----- EXTRACTED MATERIAL -----

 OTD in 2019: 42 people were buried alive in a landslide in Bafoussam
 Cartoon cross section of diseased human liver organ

-----
----- EXTRACTED MATERIAL -----

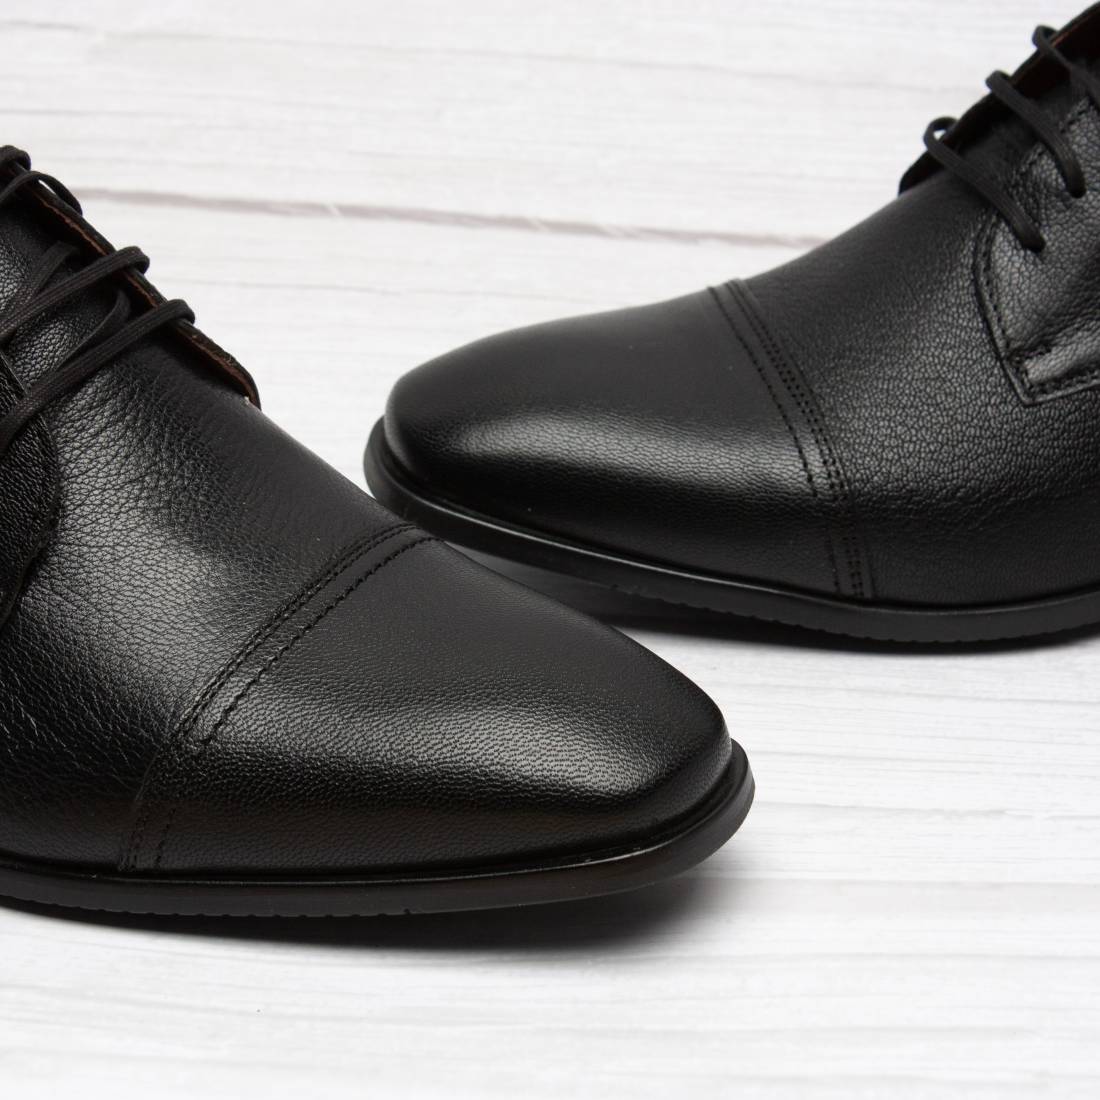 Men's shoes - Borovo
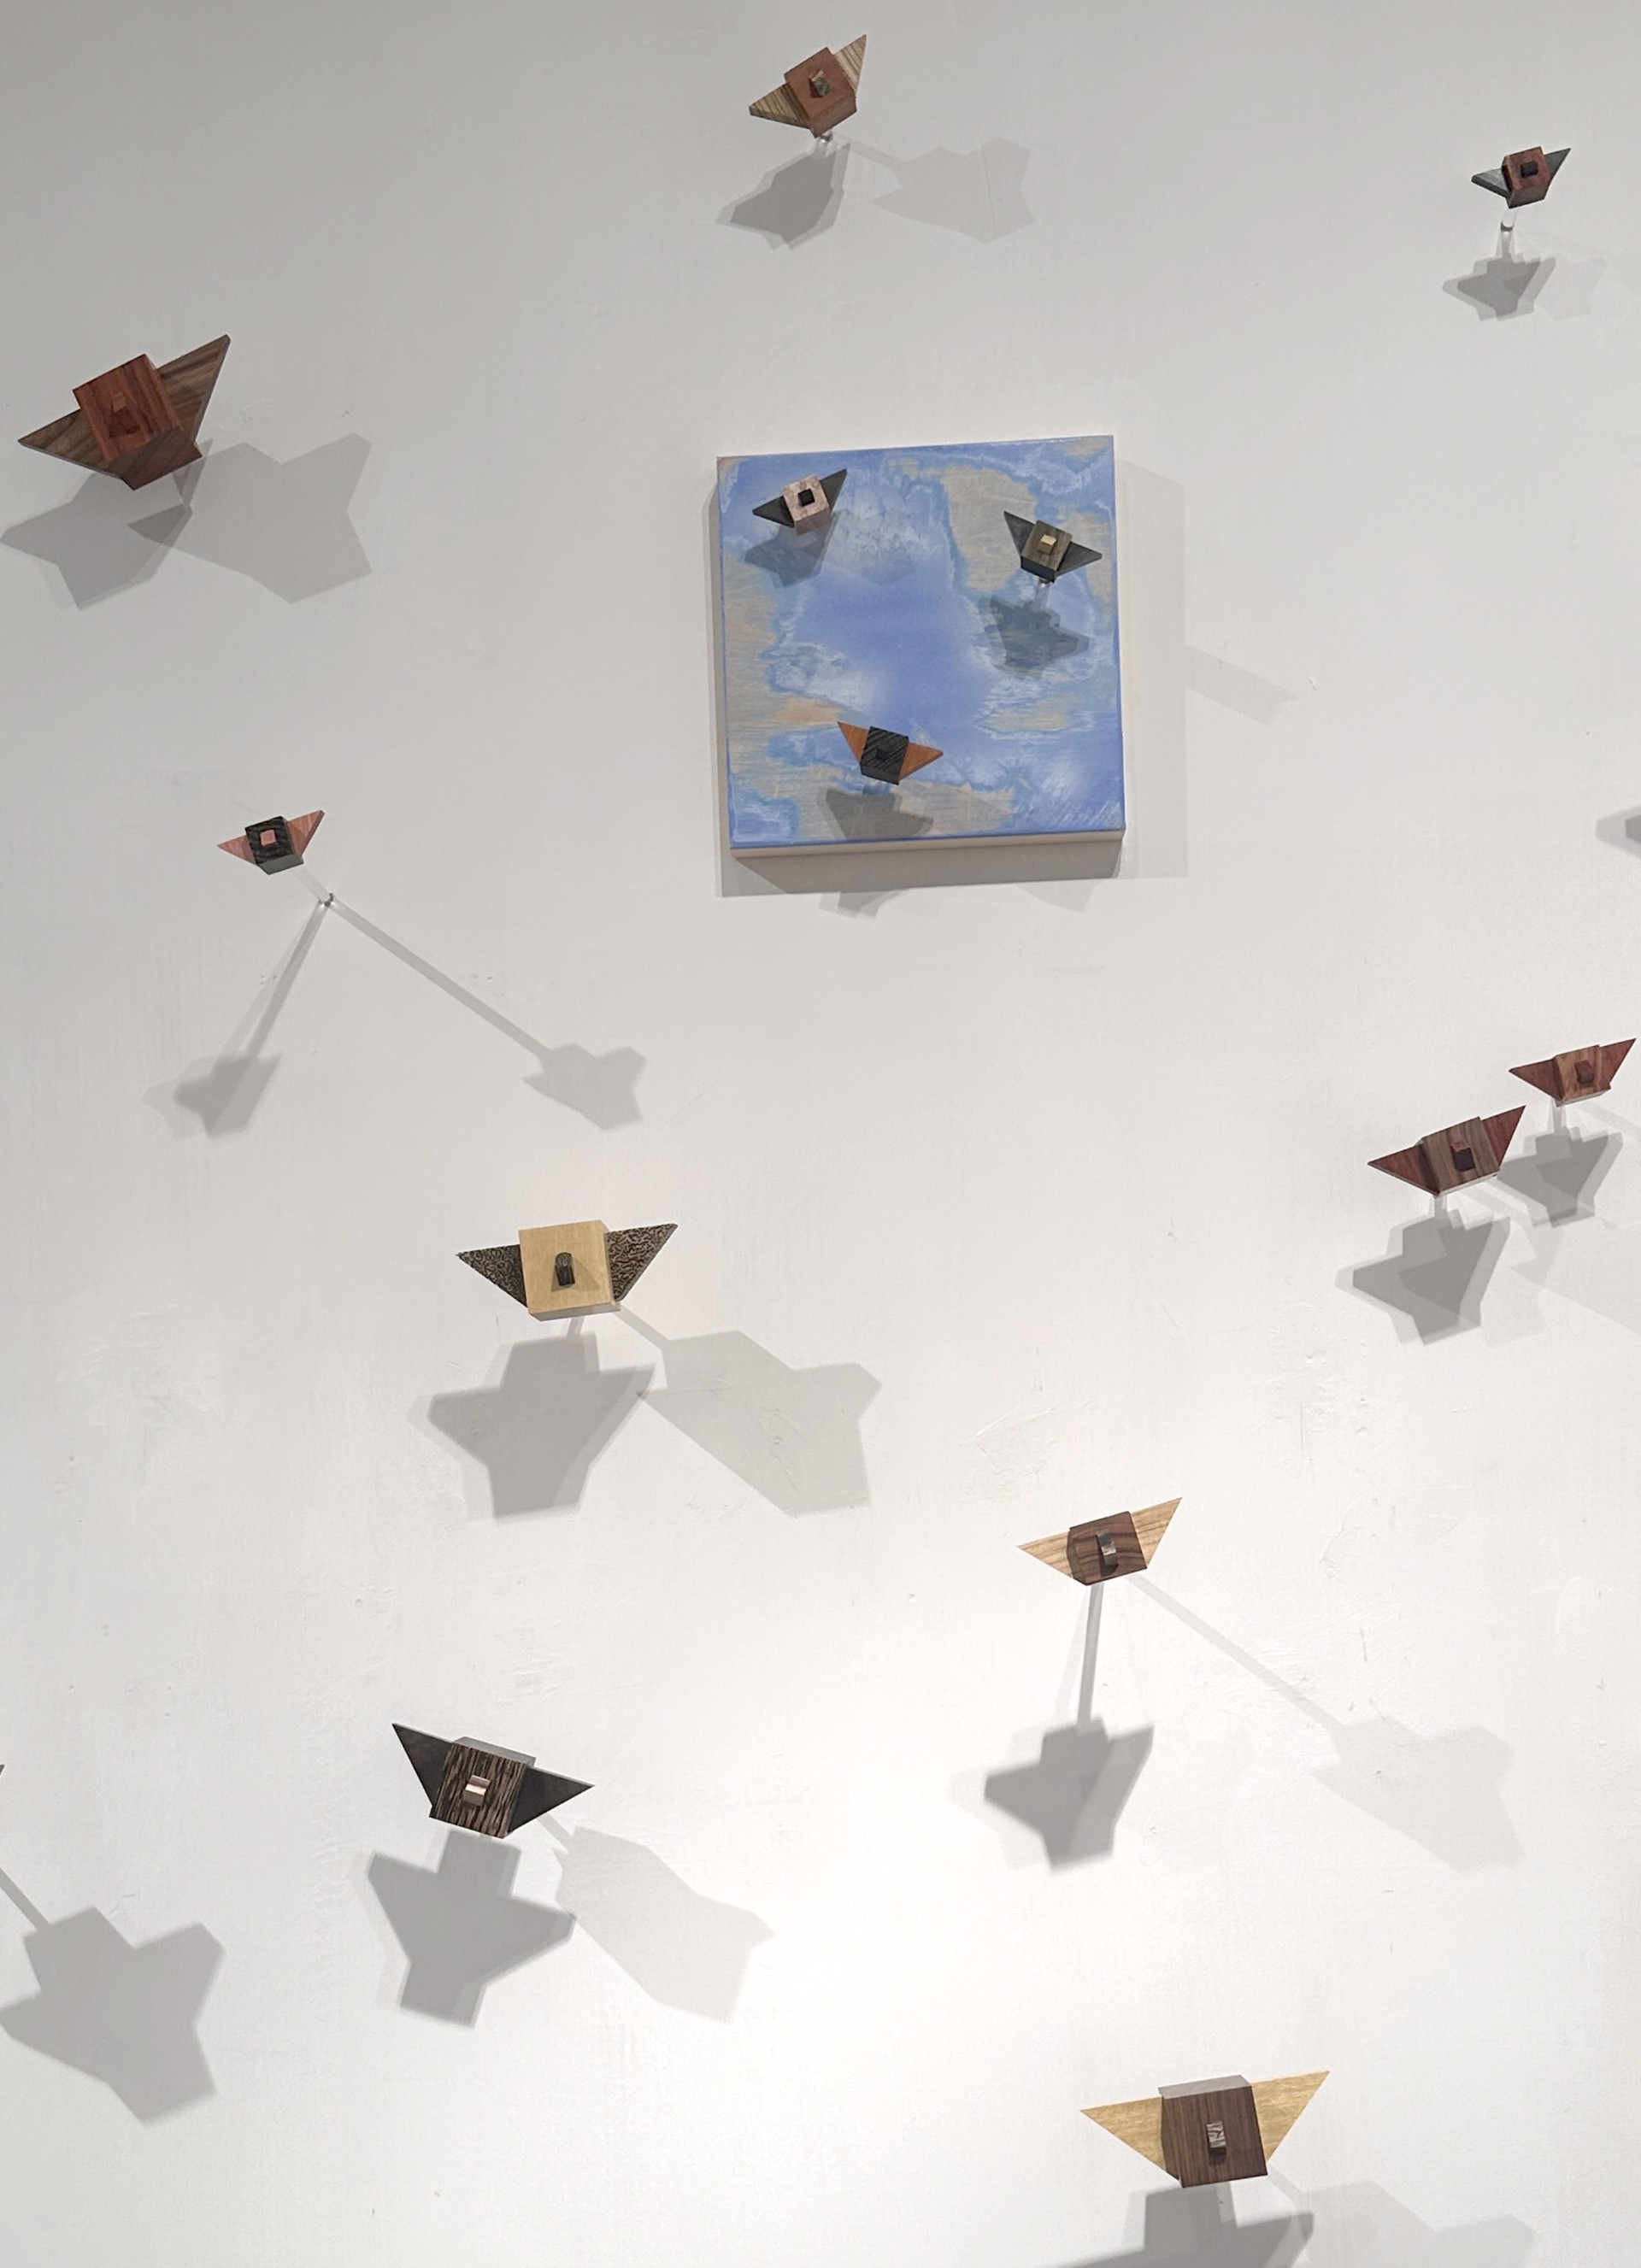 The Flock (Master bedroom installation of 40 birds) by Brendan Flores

-----
----- EXTRACTED MATERIAL -----

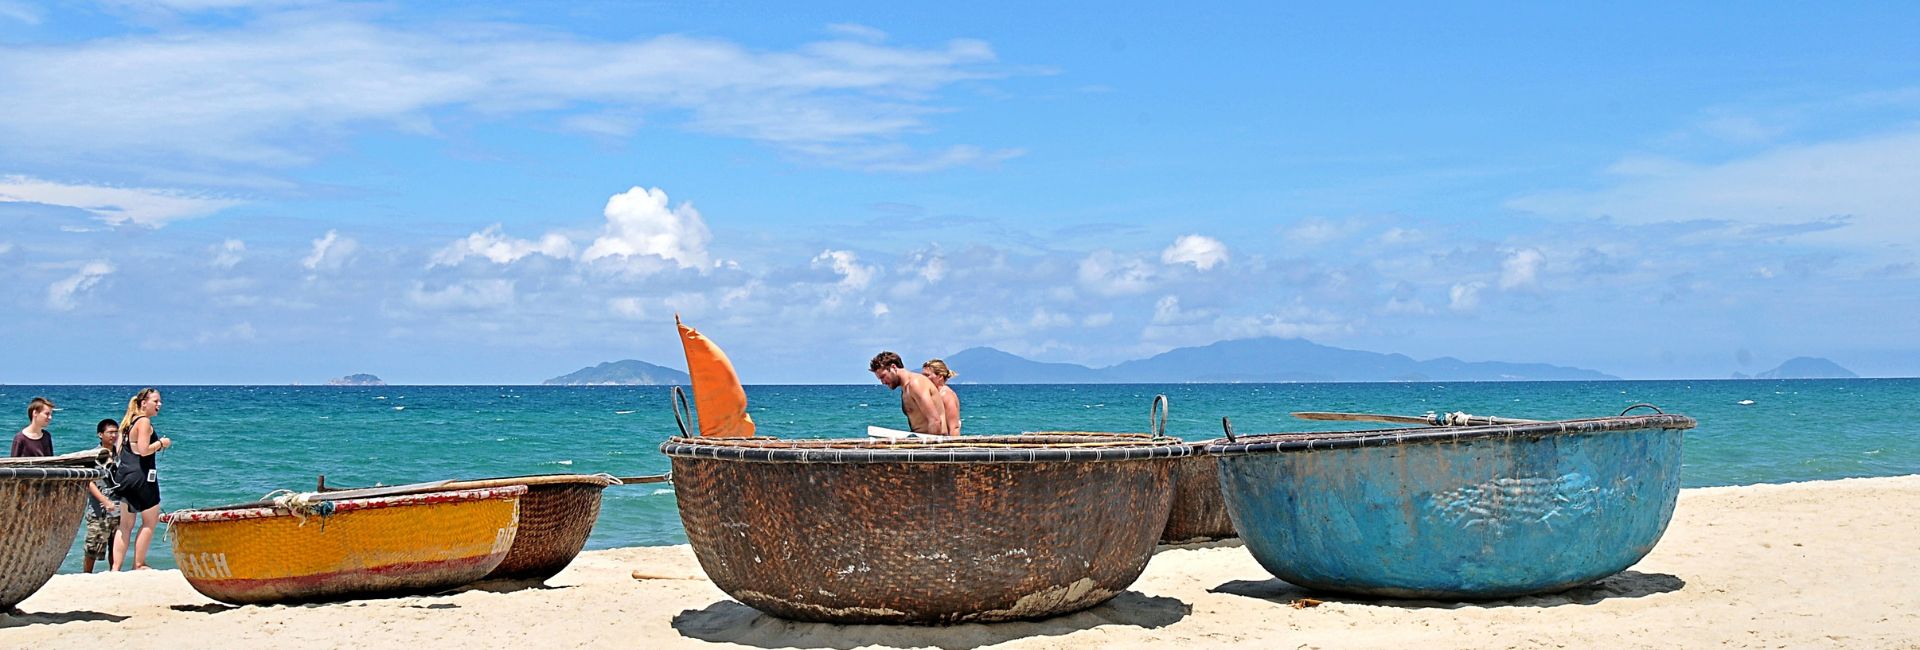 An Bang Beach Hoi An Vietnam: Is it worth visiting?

-----

> **WHAT THE TASK REQUIRES**: All that belongs in your answer is the stretch of entries above from the line with "OTD in 2019: 42" through the line with "Cartoon cross section", printed exactly.

> **SOLVED EXERCISE**:
 OTD in 2019: 42 people were buried alive in a landslide in Bafoussam
 Cartoon cross section of diseased human liver organ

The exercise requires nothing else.